▶ _What is required_
Once you find the line with "Square MATTE BLACK" in the listing below, set down exactly every line from it through the line with "Advent-Stocking-DIY-Garland-for-Christmas", but no pictures.

▶ _Excerpted records_
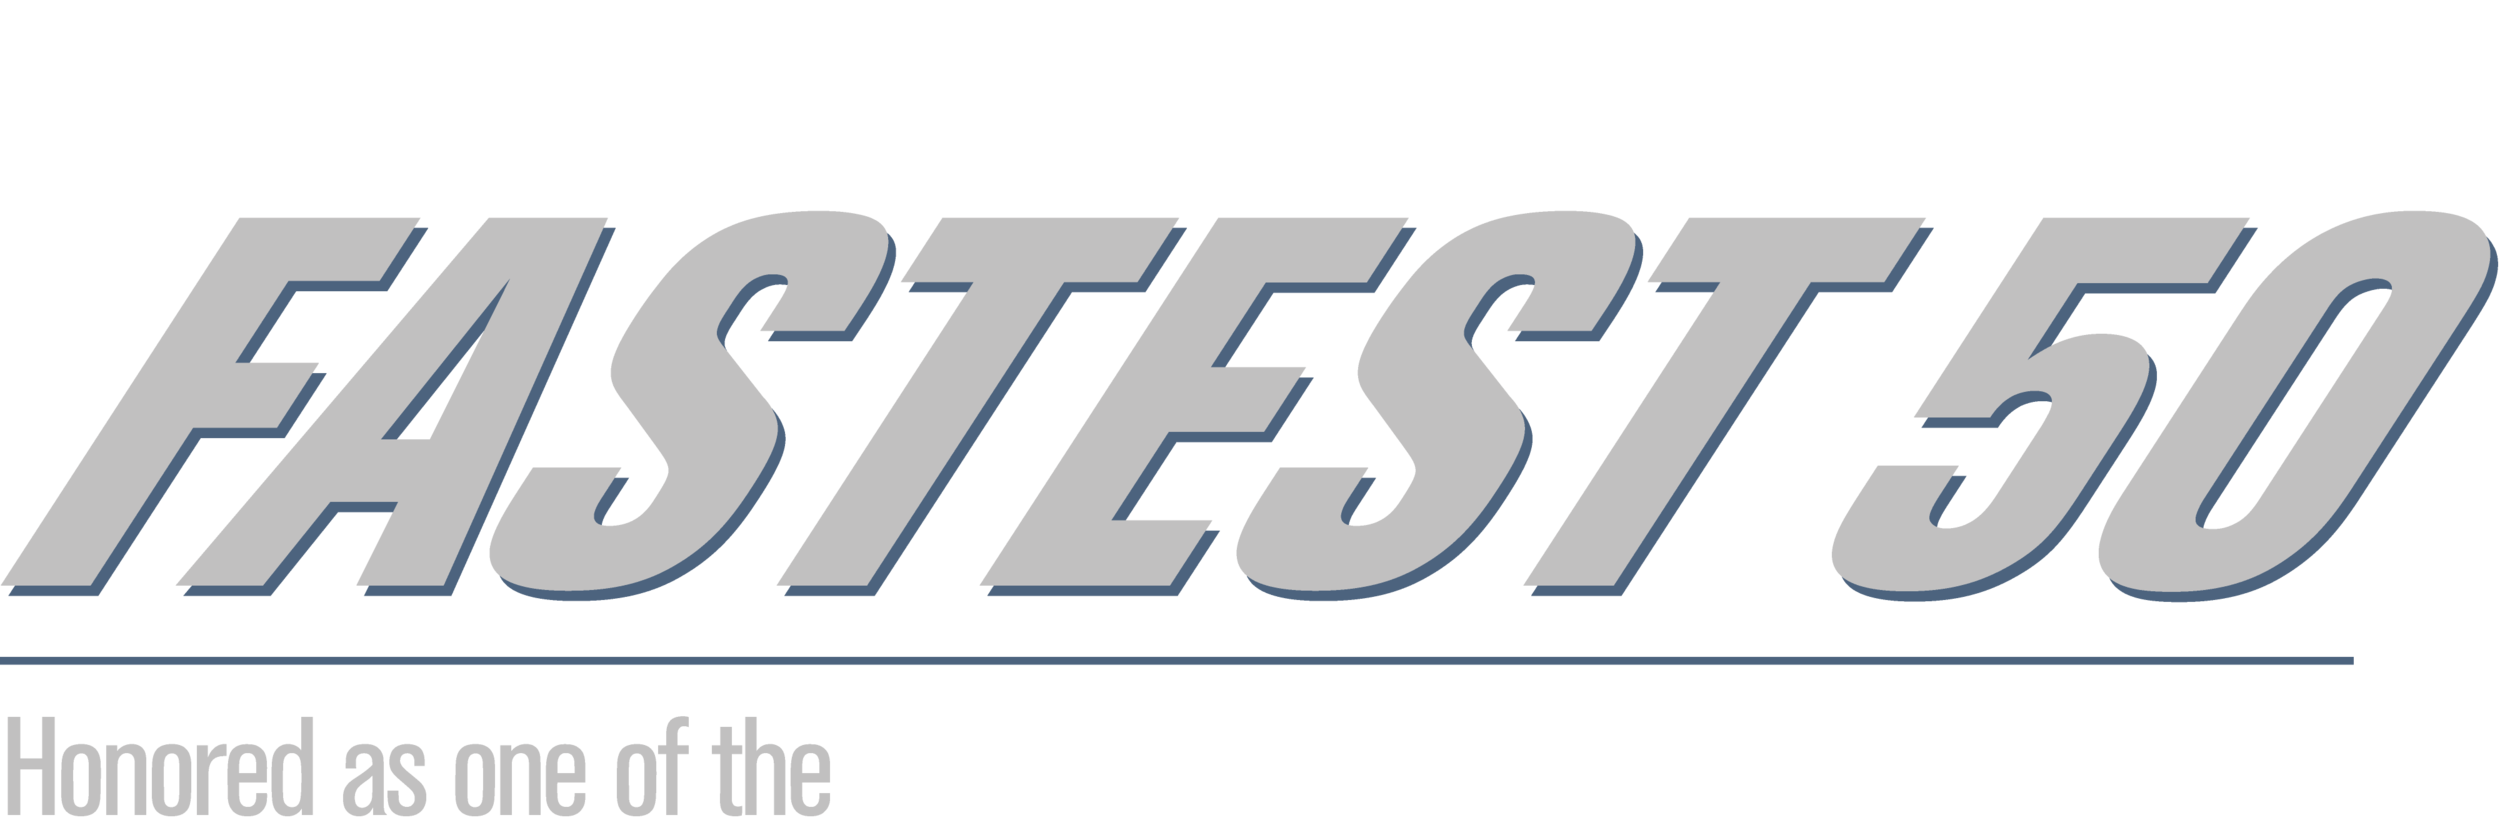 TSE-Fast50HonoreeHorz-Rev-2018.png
---
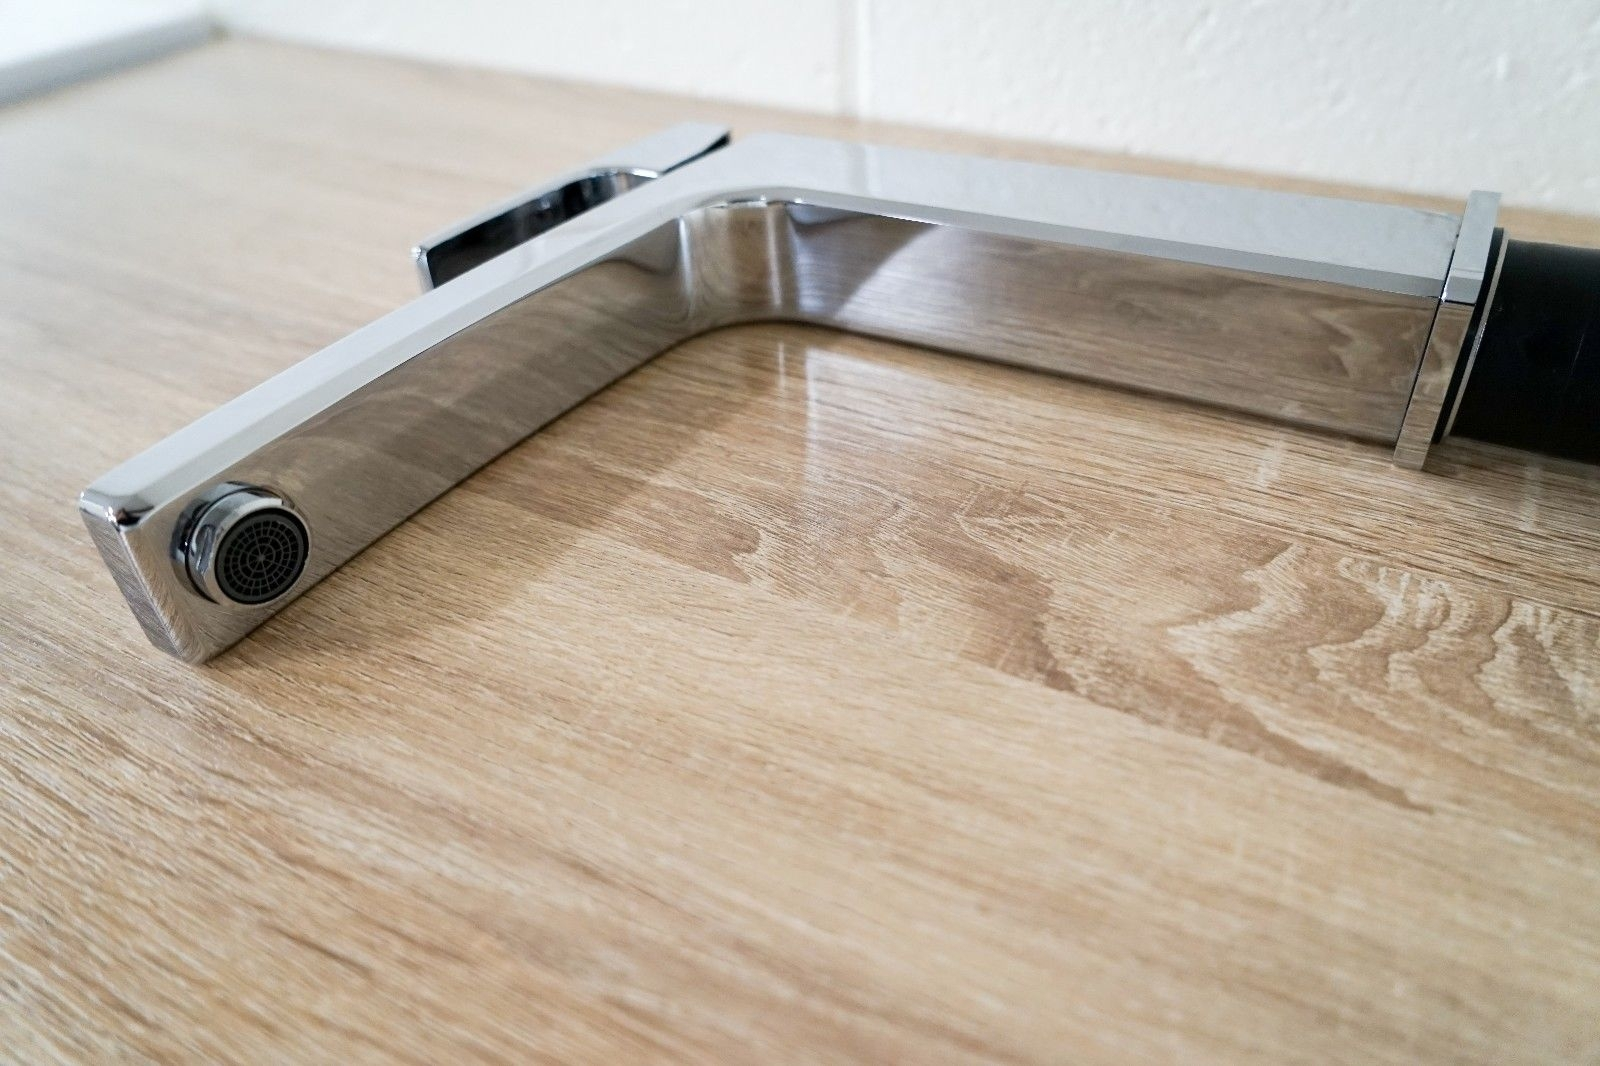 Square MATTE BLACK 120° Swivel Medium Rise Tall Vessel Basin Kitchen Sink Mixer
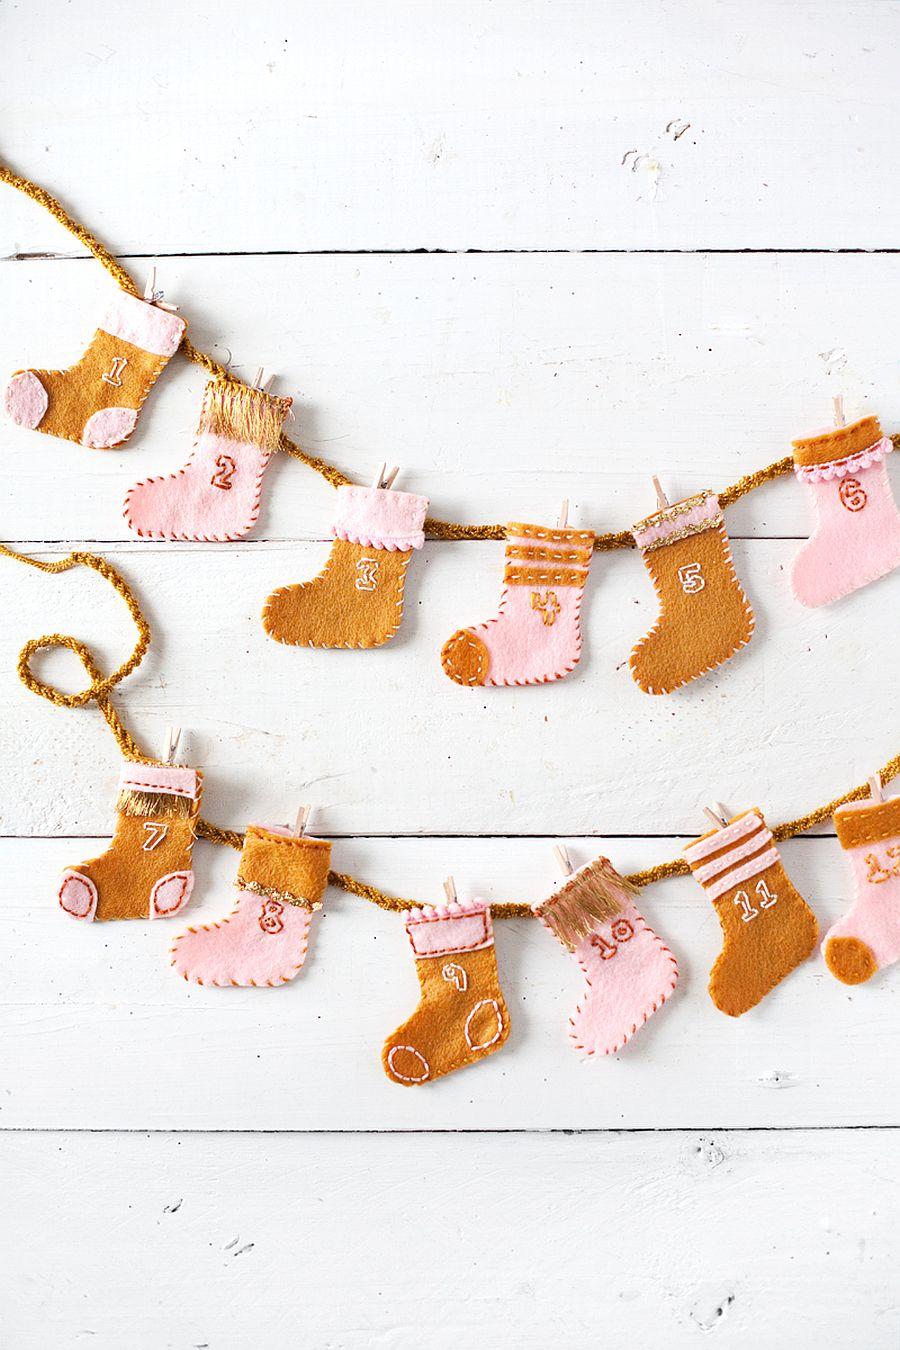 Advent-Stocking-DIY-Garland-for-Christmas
* * *
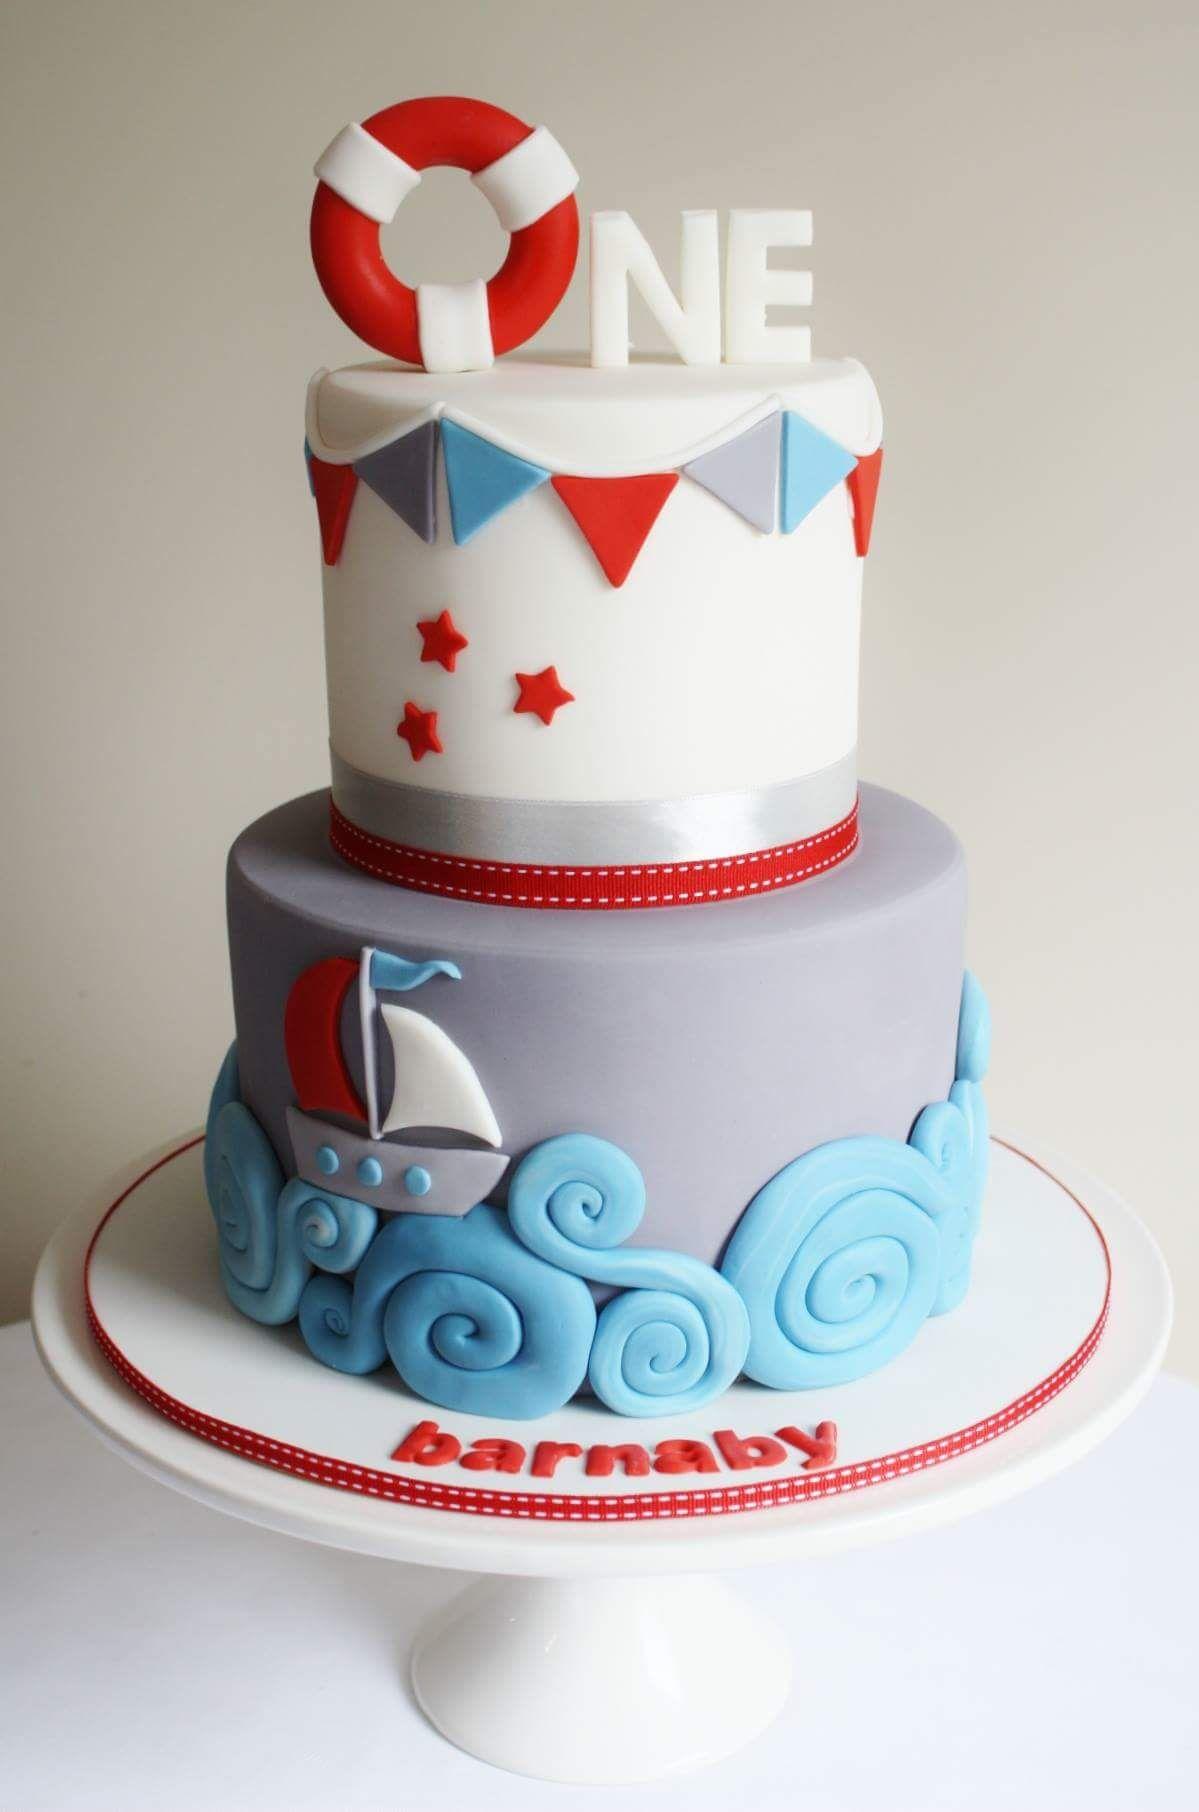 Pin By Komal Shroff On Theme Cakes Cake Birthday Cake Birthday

▶ _Task result_
 Square MATTE BLACK 120° Swivel Medium Rise Tall Vessel Basin Kitchen Sink Mixer
 Advent-Stocking-DIY-Garland-for-Christmas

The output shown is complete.